TASK PROMPT. Give back every record precisely.

..............................

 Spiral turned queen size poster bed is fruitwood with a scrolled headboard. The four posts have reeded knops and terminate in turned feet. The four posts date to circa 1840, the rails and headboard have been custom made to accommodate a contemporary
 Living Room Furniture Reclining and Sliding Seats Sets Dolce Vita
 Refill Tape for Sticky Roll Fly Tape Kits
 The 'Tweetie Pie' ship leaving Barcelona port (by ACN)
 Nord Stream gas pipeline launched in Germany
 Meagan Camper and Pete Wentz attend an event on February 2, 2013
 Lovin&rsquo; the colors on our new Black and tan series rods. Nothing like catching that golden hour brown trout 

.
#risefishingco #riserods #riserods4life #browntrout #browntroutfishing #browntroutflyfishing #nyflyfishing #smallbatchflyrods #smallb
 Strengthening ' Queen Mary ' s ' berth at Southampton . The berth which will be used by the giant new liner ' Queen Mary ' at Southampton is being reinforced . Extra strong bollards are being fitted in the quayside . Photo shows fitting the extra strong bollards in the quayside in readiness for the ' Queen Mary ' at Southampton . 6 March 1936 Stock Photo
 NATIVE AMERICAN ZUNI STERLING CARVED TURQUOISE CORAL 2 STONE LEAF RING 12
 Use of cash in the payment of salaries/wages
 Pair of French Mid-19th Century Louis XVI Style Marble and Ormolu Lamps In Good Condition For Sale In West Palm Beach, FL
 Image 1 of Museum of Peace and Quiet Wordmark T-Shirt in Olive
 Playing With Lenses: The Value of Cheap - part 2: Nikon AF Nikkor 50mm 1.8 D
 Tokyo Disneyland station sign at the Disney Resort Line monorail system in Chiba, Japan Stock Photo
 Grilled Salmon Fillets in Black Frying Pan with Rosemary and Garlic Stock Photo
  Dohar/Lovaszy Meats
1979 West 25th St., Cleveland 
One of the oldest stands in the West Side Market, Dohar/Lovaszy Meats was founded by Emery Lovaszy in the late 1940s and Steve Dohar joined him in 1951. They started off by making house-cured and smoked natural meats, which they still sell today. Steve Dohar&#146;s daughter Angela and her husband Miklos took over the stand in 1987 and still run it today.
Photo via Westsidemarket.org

..............................

TASK ANSWER.
 Spiral turned queen size poster bed is fruitwood with a scrolled headboard. The four posts have reeded knops and terminate in turned feet. The four posts date to circa 1840, the rails and headboard have been custom made to accommodate a contemporary
 Living Room Furniture Reclining and Sliding Seats Sets Dolce Vita
 Refill Tape for Sticky Roll Fly Tape Kits
 The 'Tweetie Pie' ship leaving Barcelona port (by ACN)
 Nord Stream gas pipeline launched in Germany
 Meagan Camper and Pete Wentz attend an event on February 2, 2013
 Lovin&rsquo; the colors on our new Black and tan series rods. Nothing like catching that golden hour brown trout 

.
#risefishingco #riserods #riserods4life #browntrout #browntroutfishing #browntroutflyfishing #nyflyfishing #smallbatchflyrods #smallb
 Strengthening ' Queen Mary ' s ' berth at Southampton . The berth which will be used by the giant new liner ' Queen Mary ' at Southampton is being reinforced . Extra strong bollards are being fitted in the quayside . Photo shows fitting the extra strong bollards in the quayside in readiness for the ' Queen Mary ' at Southampton . 6 March 1936 Stock Photo
 NATIVE AMERICAN ZUNI STERLING CARVED TURQUOISE CORAL 2 STONE LEAF RING 12
 Use of cash in the payment of salaries/wages
 Pair of French Mid-19th Century Louis XVI Style Marble and Ormolu Lamps In Good Condition For Sale In West Palm Beach, FL
 Image 1 of Museum of Peace and Quiet Wordmark T-Shirt in Olive
 Playing With Lenses: The Value of Cheap - part 2: Nikon AF Nikkor 50mm 1.8 D
 Tokyo Disneyland station sign at the Disney Resort Line monorail system in Chiba, Japan Stock Photo
 Grilled Salmon Fillets in Black Frying Pan with Rosemary and Garlic Stock Photo
  Dohar/Lovaszy Meats
1979 West 25th St., Cleveland 
One of the oldest stands in the West Side Market, Dohar/Lovaszy Meats was founded by Emery Lovaszy in the late 1940s and Steve Dohar joined him in 1951. They started off by making house-cured and smoked natural meats, which they still sell today. Steve Dohar&#146;s daughter Angela and her husband Miklos took over the stand in 1987 and still run it today.
Photo via Westsidemarket.org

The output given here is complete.